After a brief time at USC, Bryant earned a bachelor’s degree in performance from the San Francisco Conservatory of Music and a master’s in performance from Julliard. From 1998 to 2006, she served as assistant to chamber music master Charles Wadsworth at the Spoleto Festival USA, so she learned at the feet of the best. Wadsworth had a concert series that made stops at the Fine Arts Center, as well as in Columbia and Beaufort. However, after he retired a few years ago, the Fine Arts Center signed on for only two Wadsworth concerts annually. Bryant and her friends were enlisted to fill the other concert slots and brought with them the intensive school residencies.

“It was an opportunity to shake things up,” says Kristin Cobb, executive director of the Center.
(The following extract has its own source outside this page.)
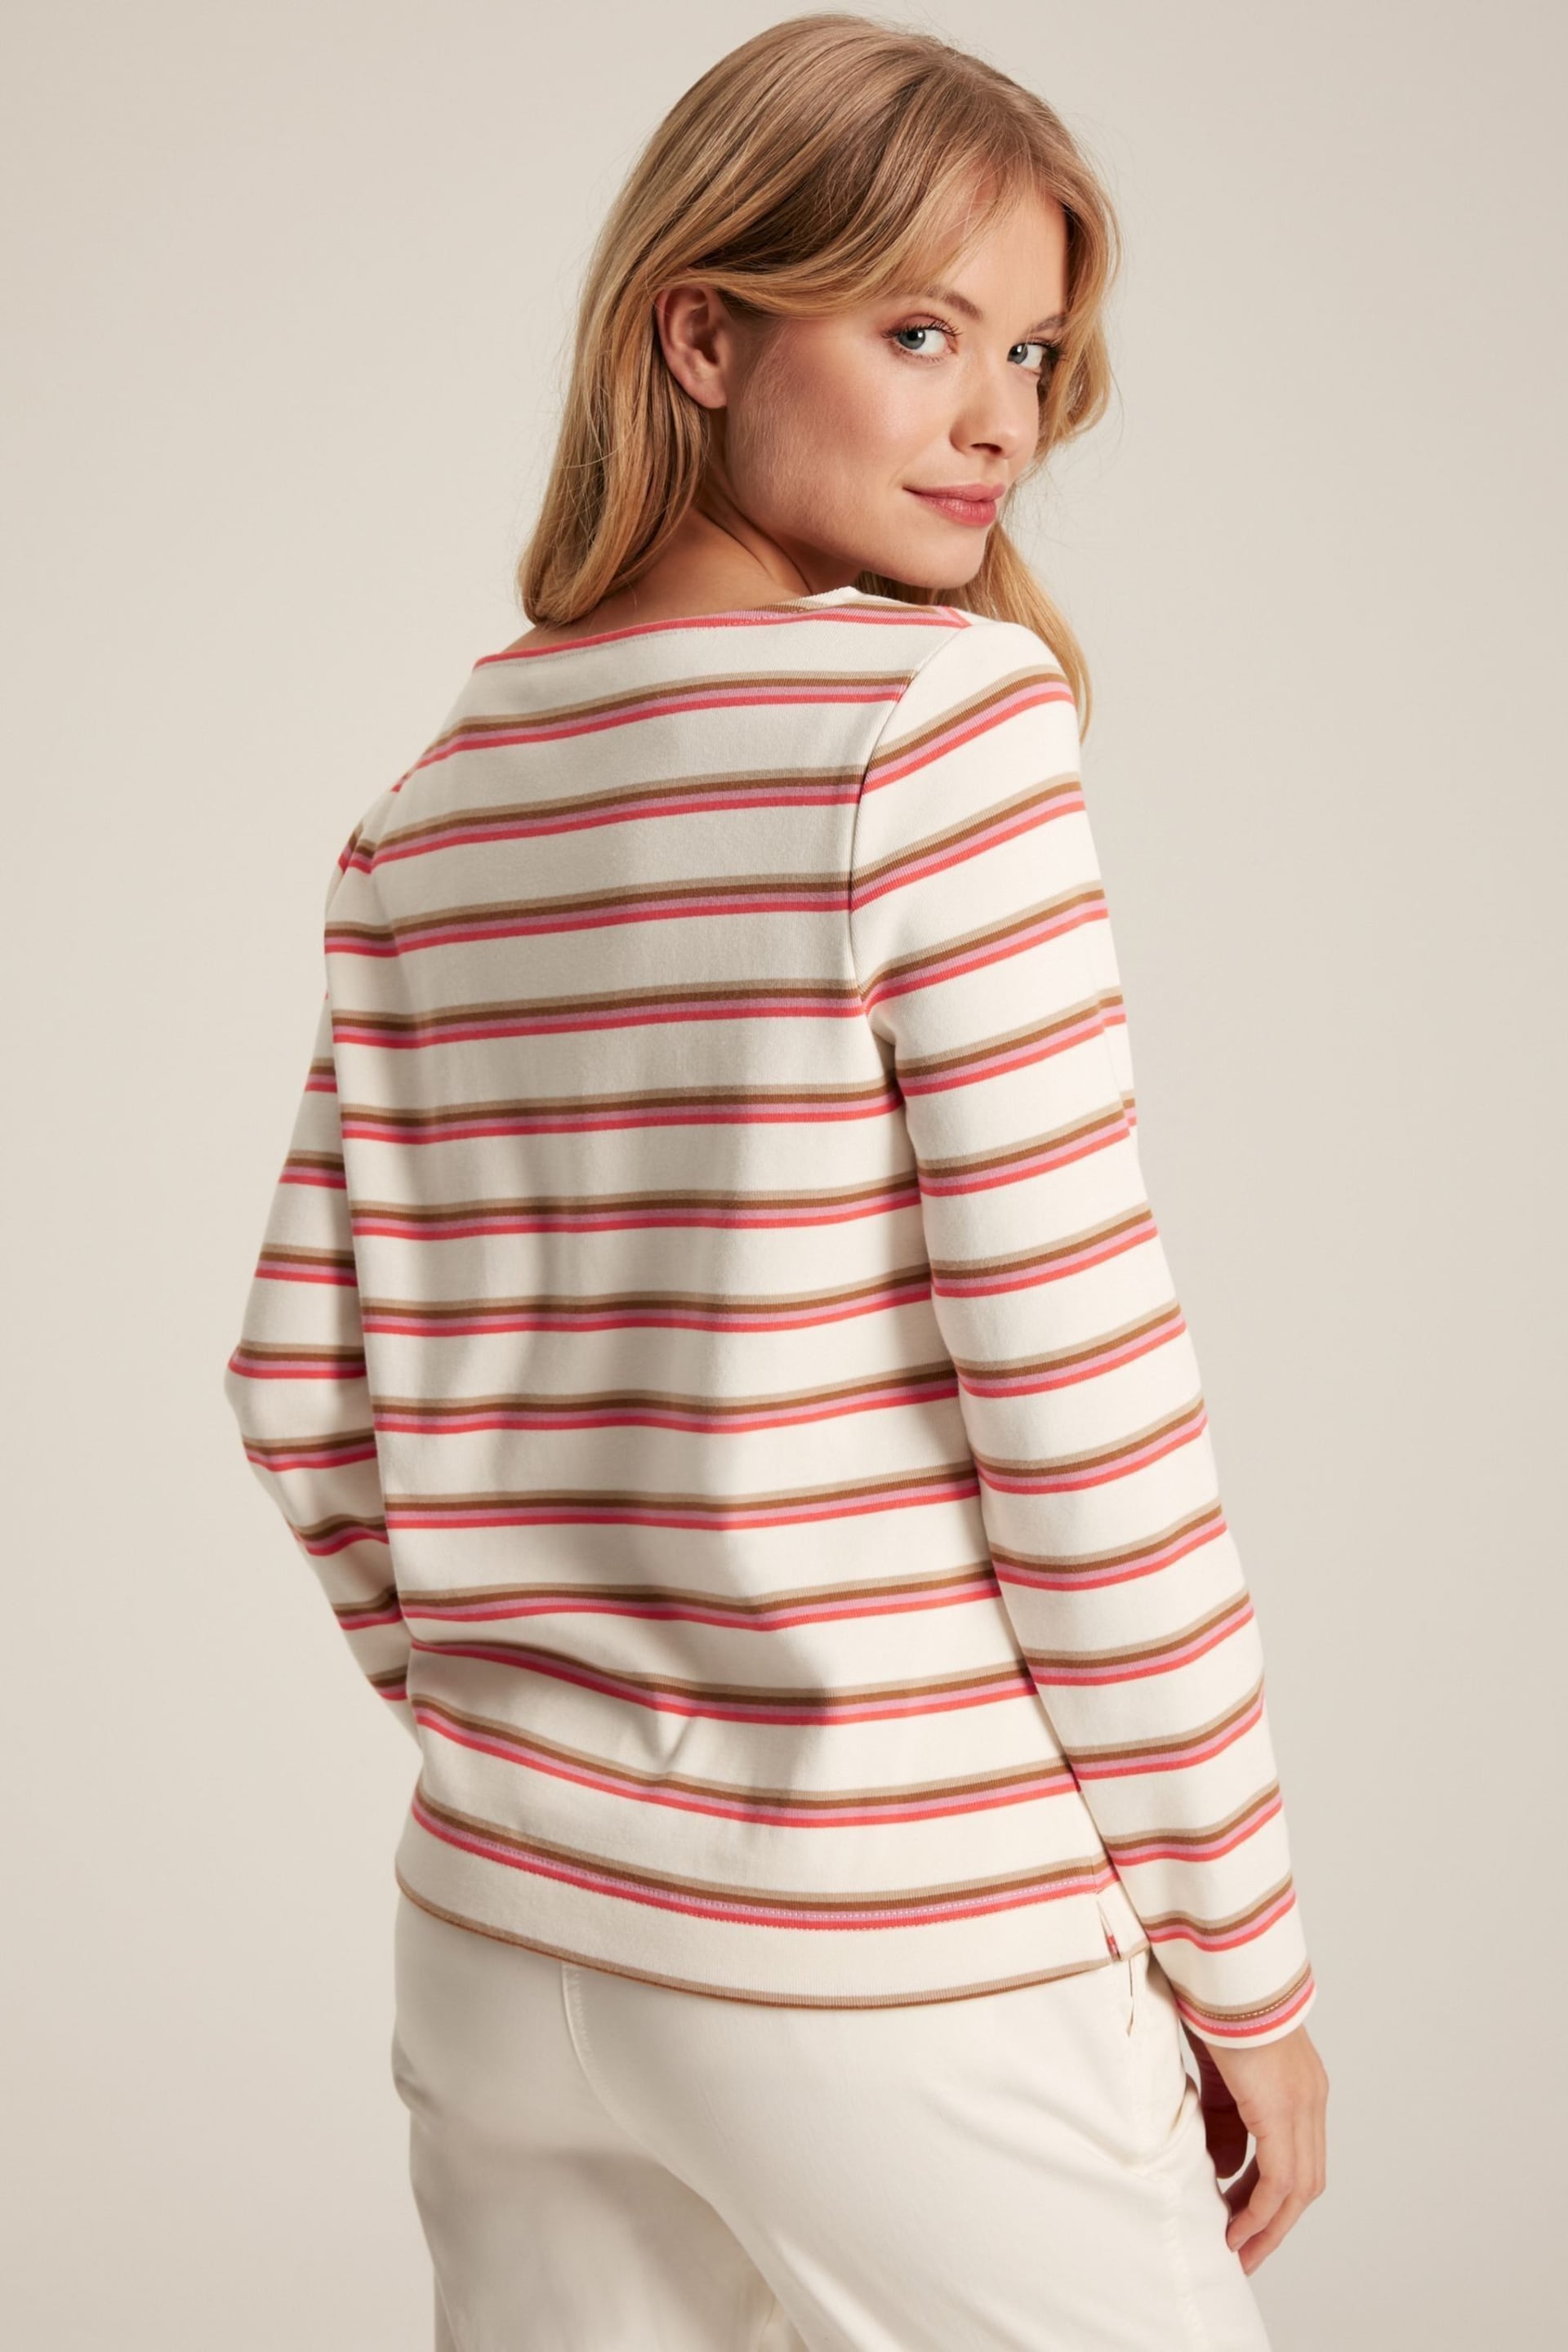 Joules New Harbour Pink & Tan Striped Boat Neck Breton Top - Image 2 of 6

Arts education is a big part of the Center’s mission, and that was a big part of Bryant’s proposal. “It was a much broader scope than what we’d been doing, and it’s also a way to support artists who are from here.”

Bryant’s concerts and residencies, for which she won the 2010 McGraw-Hill Companies Robert Sherman Award for Arts Education and Community Outreach, take up a big part of her life, but she says: “I pretty much run the operation on the subway with my iPhone.” She also works as a professor’s assistant at Juilliard, teaches at a public school twice a week, and performs frequently, mostly in the Northeast. Not long ago, she wouldn’t have imagined having such a varied musical life in the vanguard of redefining the role of a classical musician.

“When I came to Julliard eight years ago, my dream was that I’d be a cellist in a string quartet and have an agent who’d set everything up,” Bryant says. “I was in a quartet that I was serious with that had just broken up, and I felt a little defeated. At The Academy, this whole new world opened up with this little family of musicians. My dreams have changed. I’ve found my dream through this.”